** Dataset section follows **

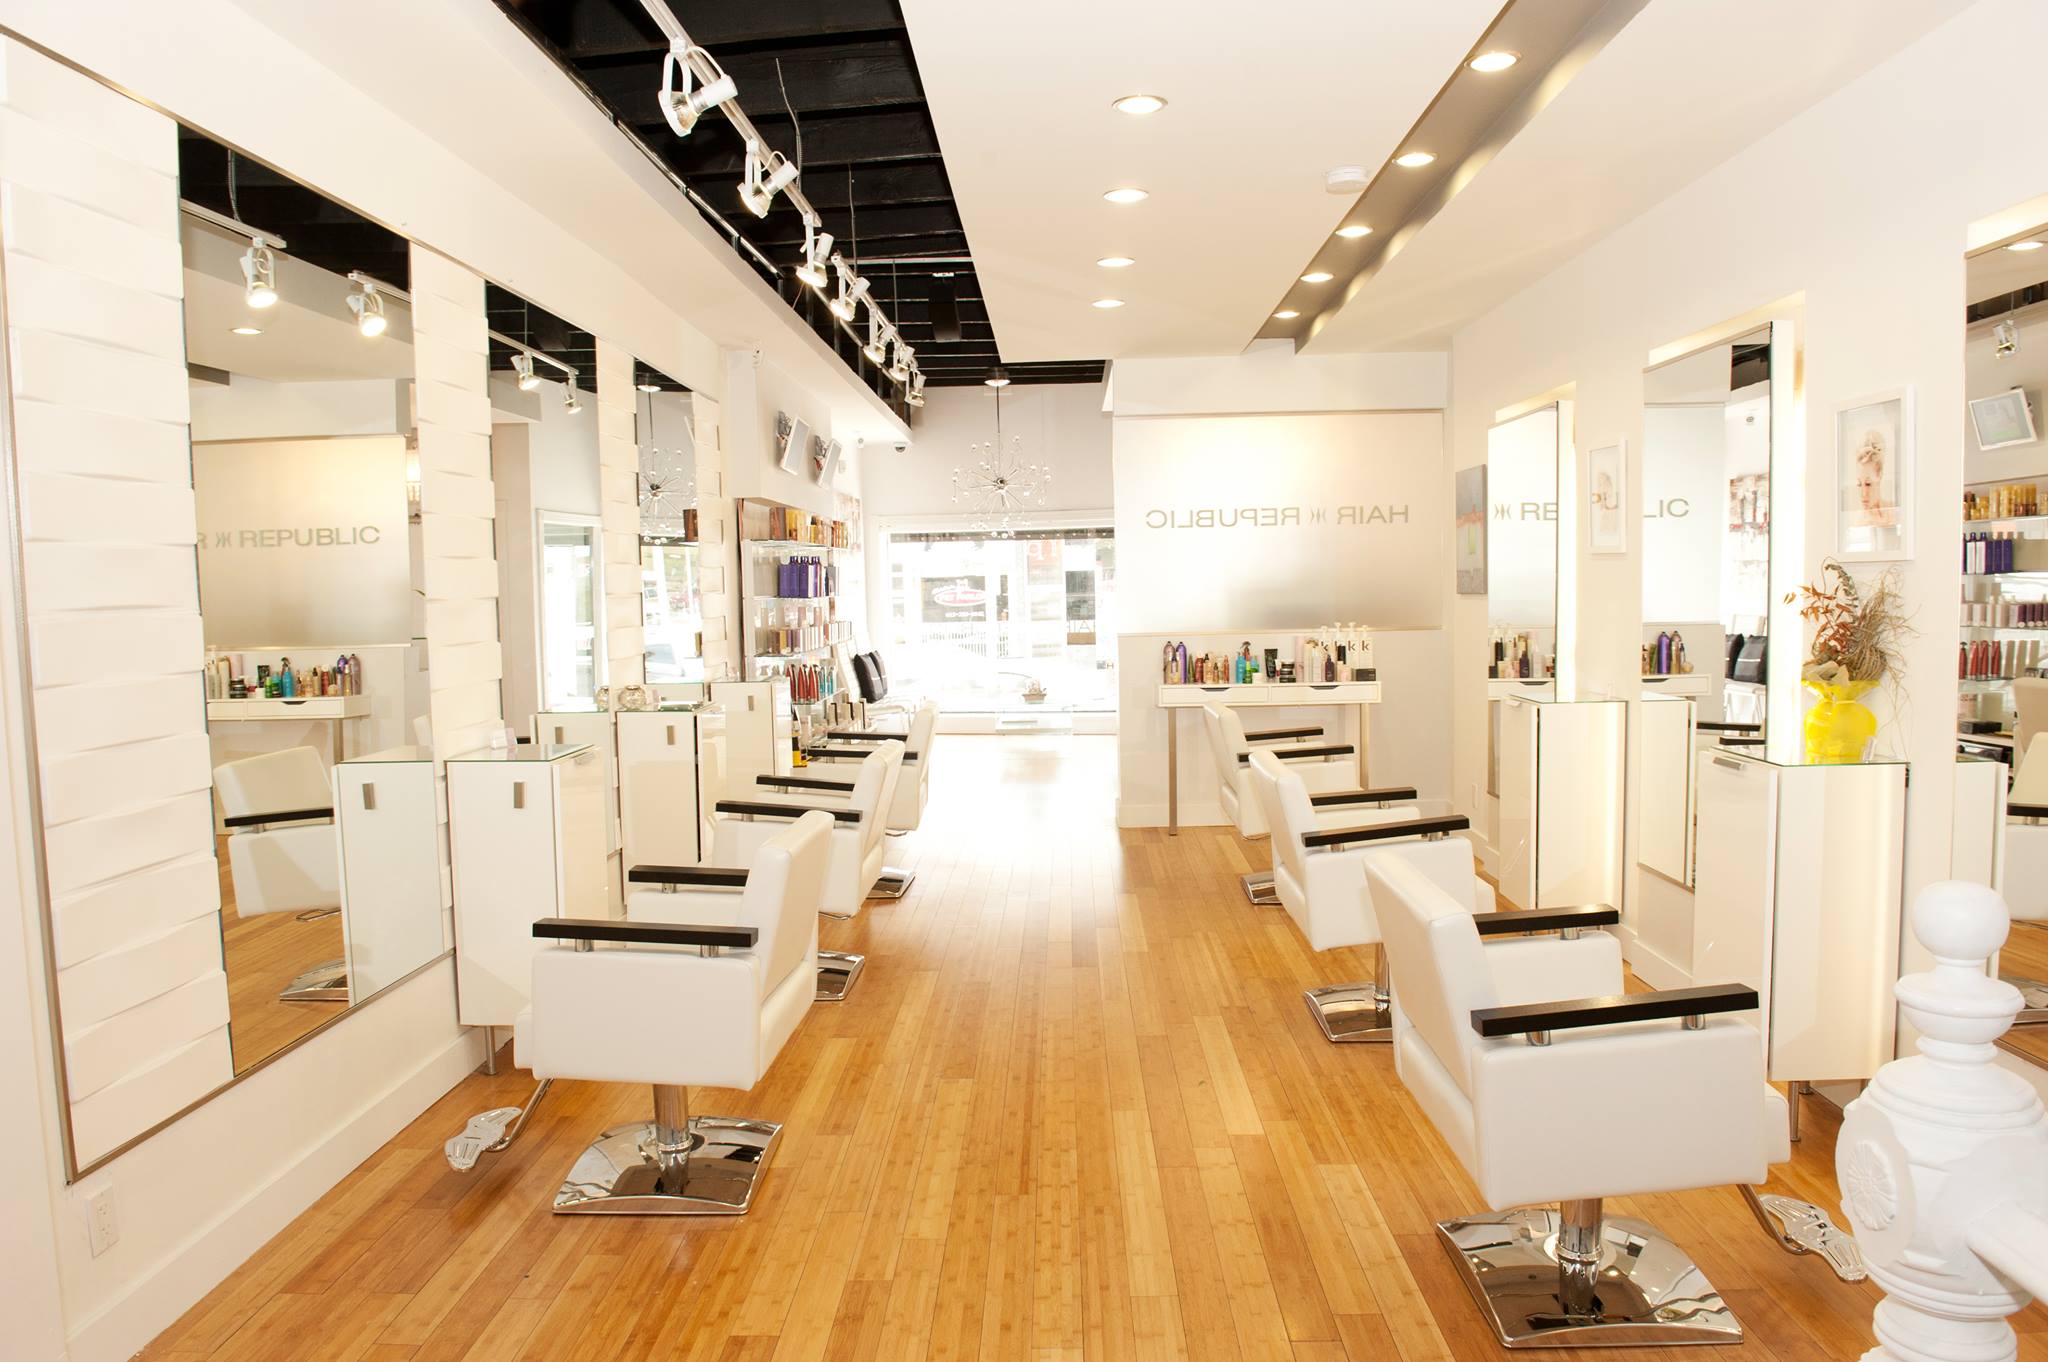 9. "The Top Hair Salons for Sky Silver Blue Hair Color" - wide 3
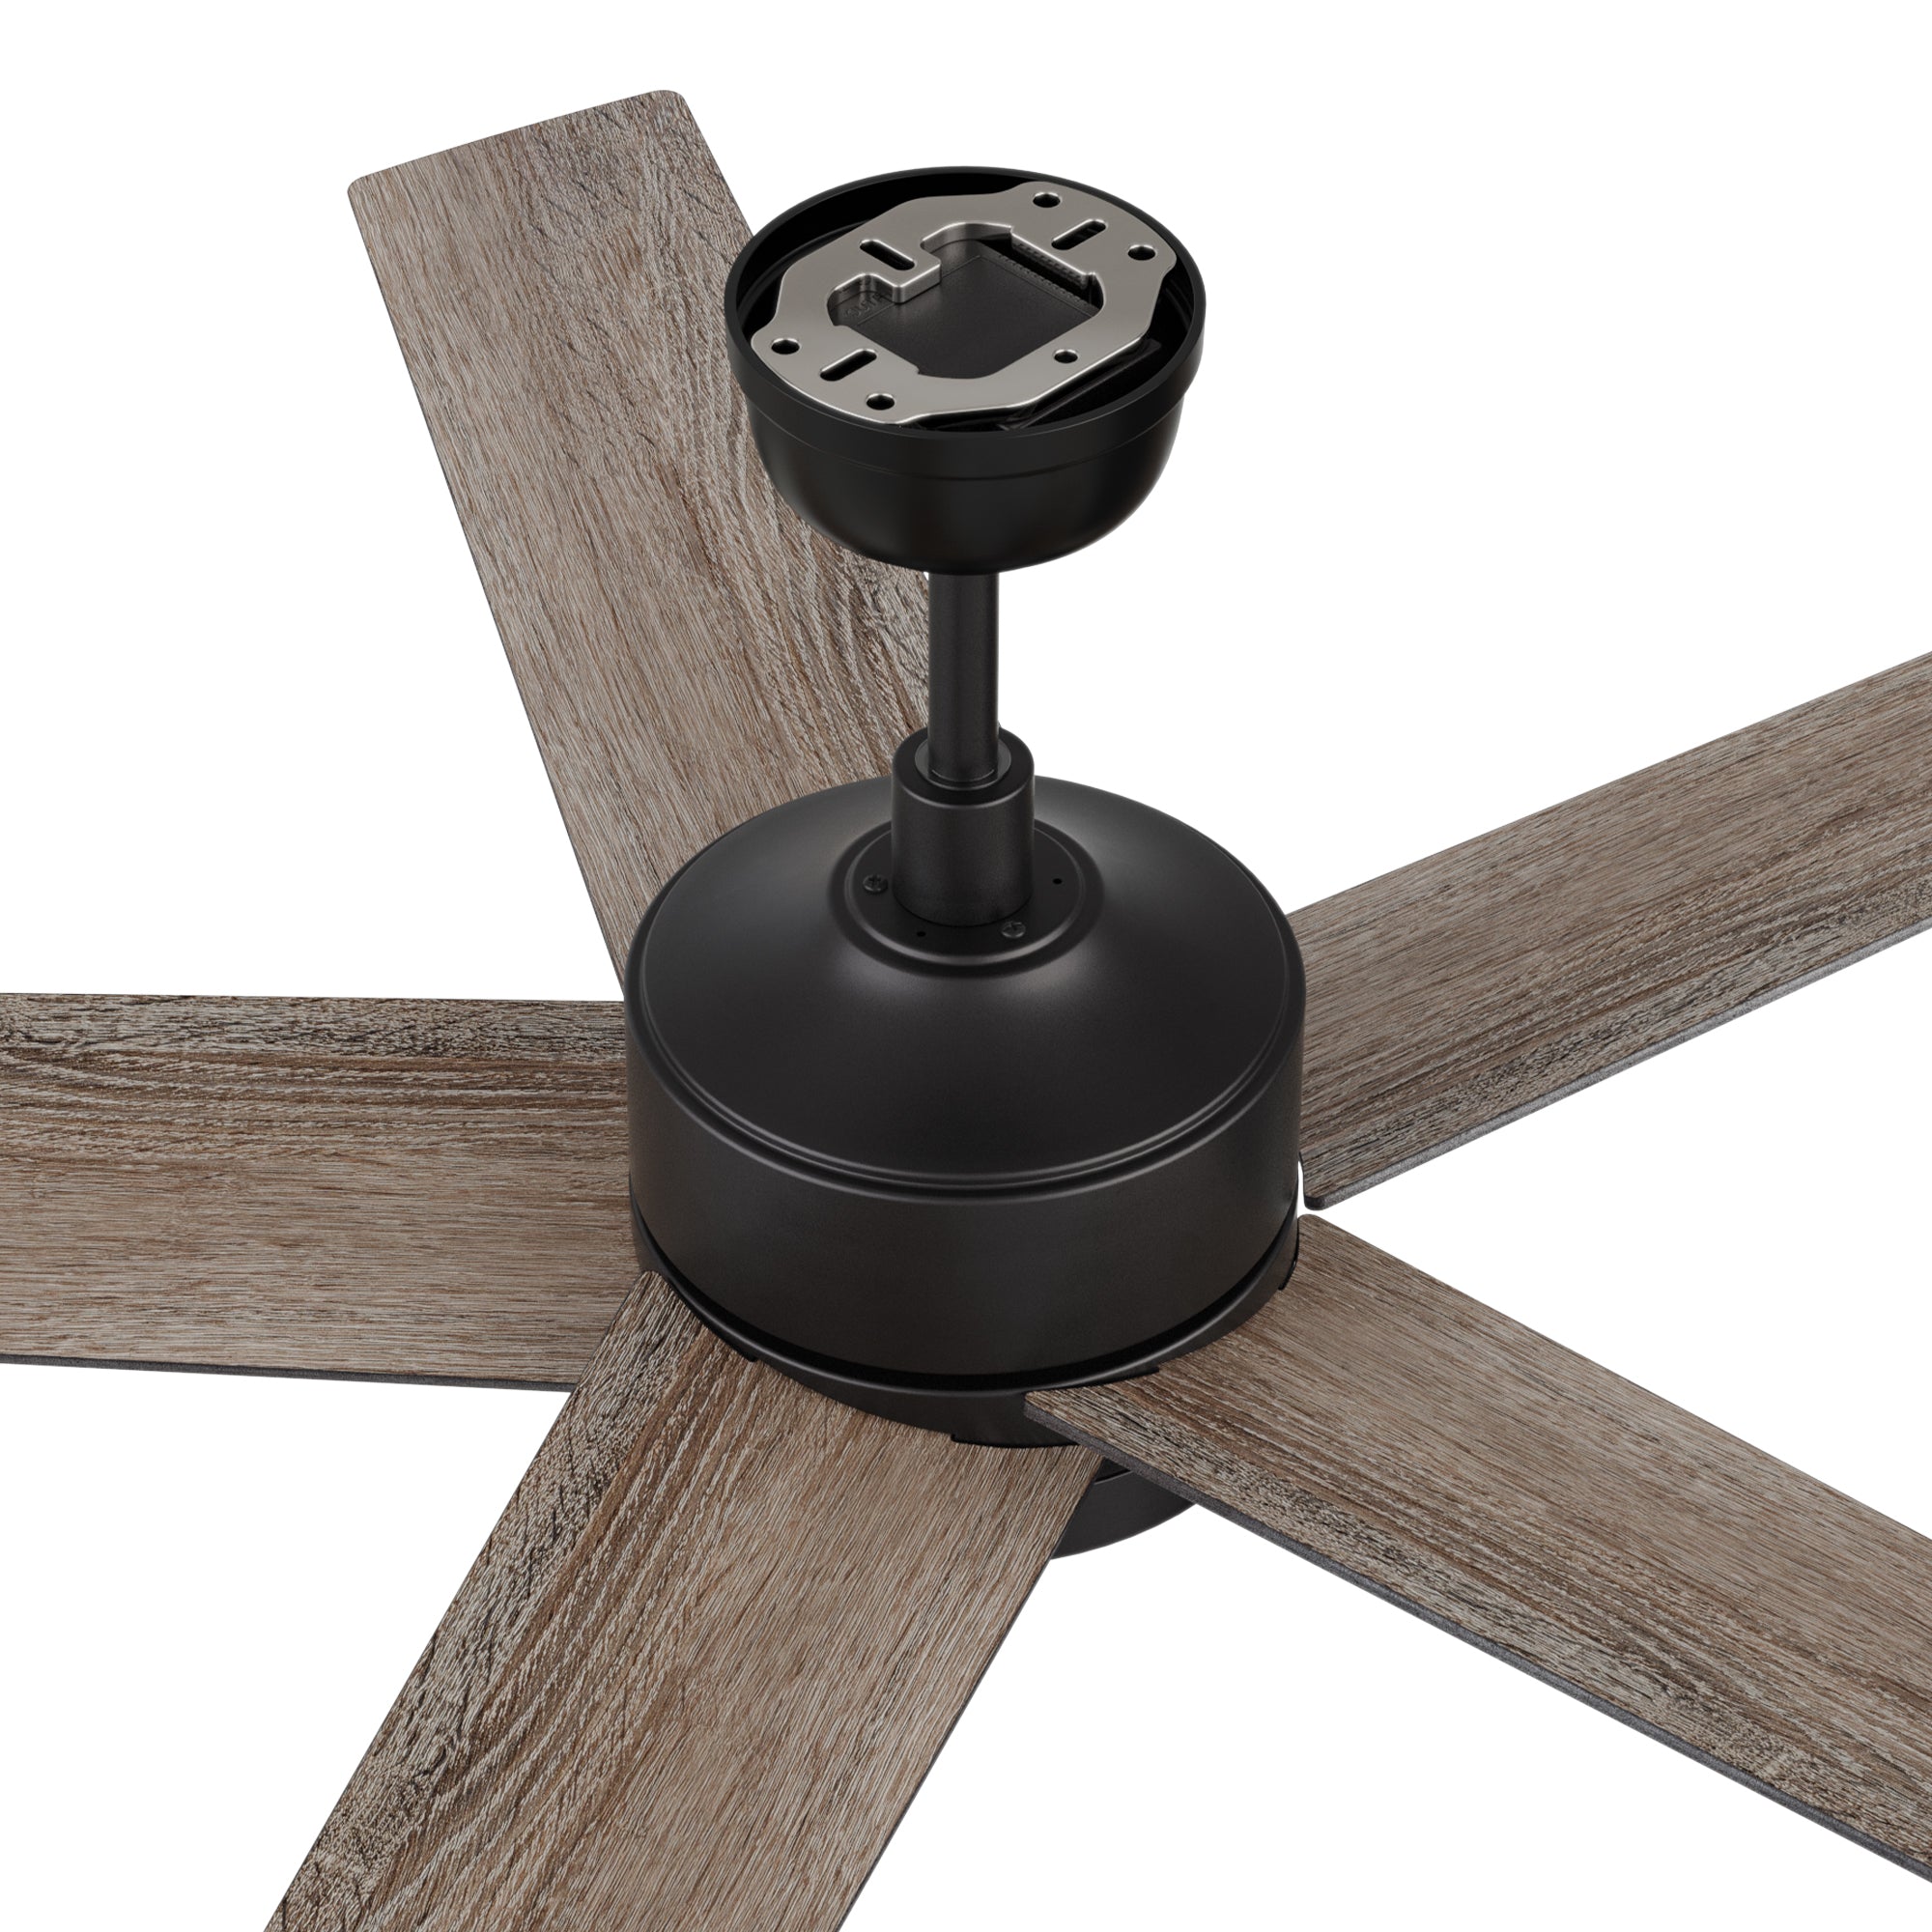 52in Black Ceiling Fan. Downrod mounted, whisper-quiet, and reversible airflow. 
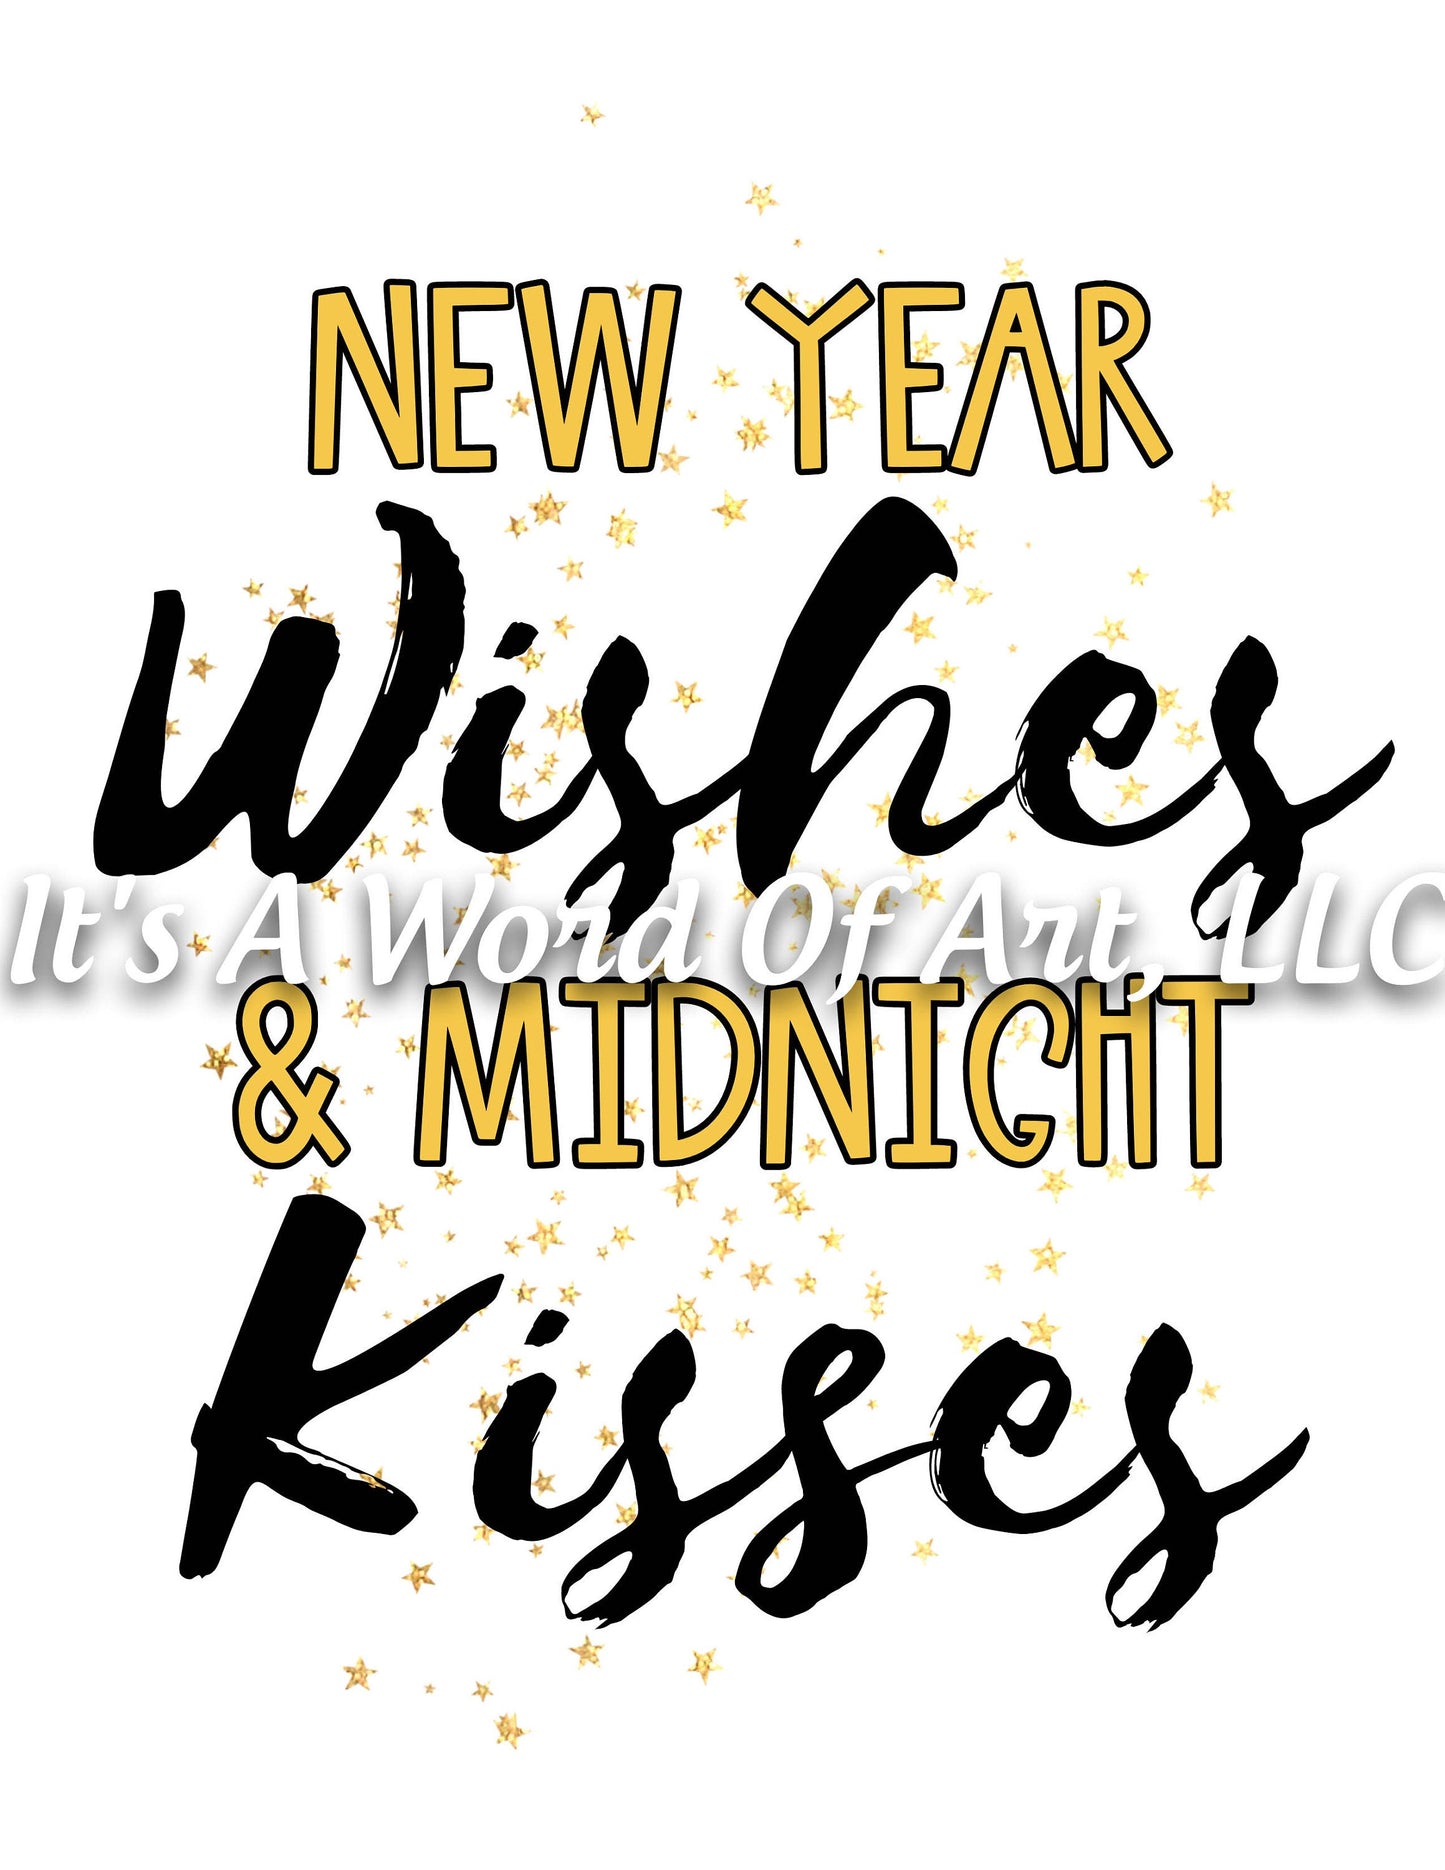 New Years 1 - New Year Wishes & Midnight Kisses 2020 - Sublimation Transfer Set/Ready To Press Sublimation Transfer/Sublimation Transfer

** End of Dataset section **

--- Exercise prompt ---
Please repeat all of the data exactly as it stands, leaving the pictures out.

--- Task output ---
 9. "The Top Hair Salons for Sky Silver Blue Hair Color" - wide 3
 52in Black Ceiling Fan. Downrod mounted, whisper-quiet, and reversible airflow. 
 New Years 1 - New Year Wishes & Midnight Kisses 2020 - Sublimation Transfer Set/Ready To Press Sublimation Transfer/Sublimation Transfer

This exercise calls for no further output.